Impor ilegal kian kencang ketika siklus harga beras di Cipinang memasuki tren kenaikan pada November-Maret. Saat itulah beras impor yang sudah dioplos dengan beras lokal diam-diam membanjiri Pasar Induk. "Beras oplosan dilabeli merek lokal."

Keberadaan beras ilegal ini pernah terendus petugas Bea-Cukai Jambi di Gudang Beras Parit V Kuala Tungkal pada Oktober tahun lalu. Seorang pedagang yang tahu operasi ini mengatakan, dari ribuan ton, petugas hanya menyita 1.350 karung beras ukuran 25 kilogram. Kepala Bea dan Cukai Jambi Suryana membenarkan operasi tersebut. "Berasnya jelek-jelek."
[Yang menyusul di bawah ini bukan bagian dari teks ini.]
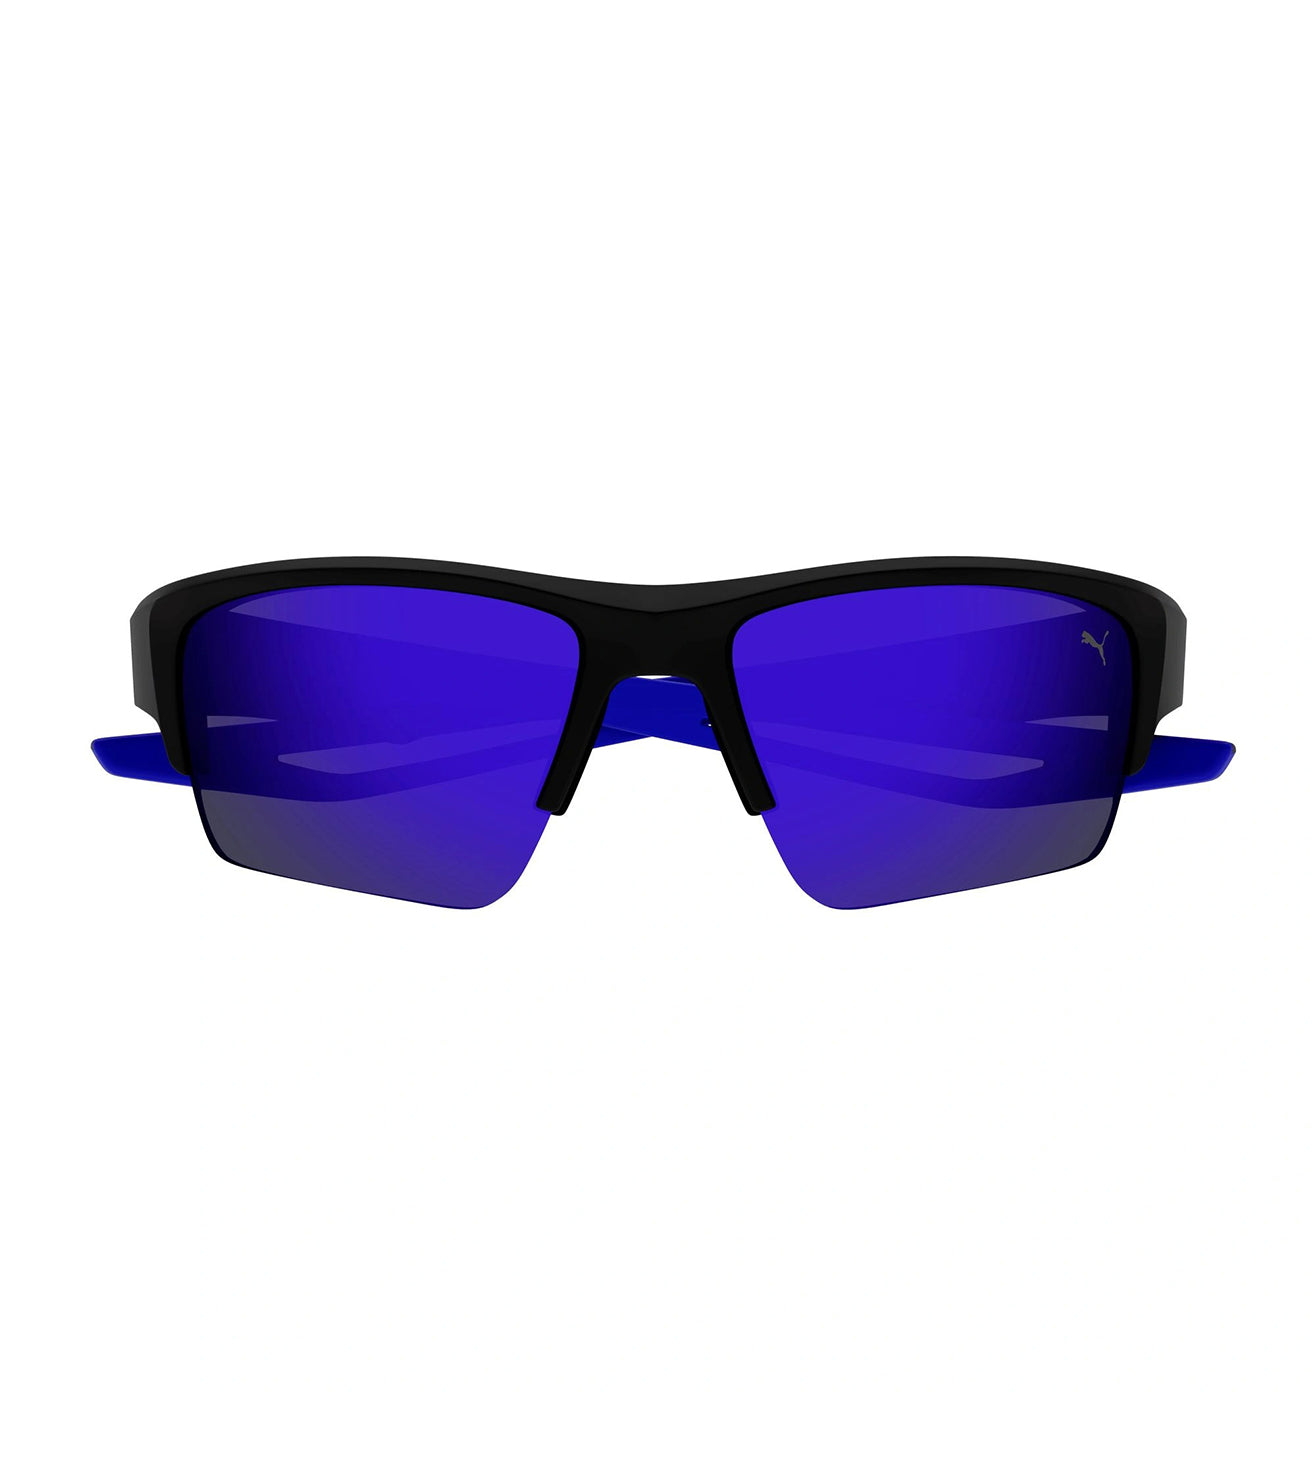 Puma Men's Blue Wrap Around Sunglasses

Sejak itu, petugas pabean pusat yang diterjunkan kembali ke Kuala Tungkal tidak pernah lagi mendapatkan hasil. Curiga ada sesuatu, Pusat Kepatuhan Internal (Puski) Bea-Cukai memeriksa Ogy Febri Adlha, Kepala Seksi Intelijen Direktorat Penindakan dan Penyidikan Bea-Cukai, dan Suryana, Kepala Kantor Bea-Cukai Jambi. Keduanya mengakui diperiksa, tapi membantah terlibat. "Saya tidak pernah ke Kuala Tungkal, tapi nama saya disebut-sebut," kata Ogy.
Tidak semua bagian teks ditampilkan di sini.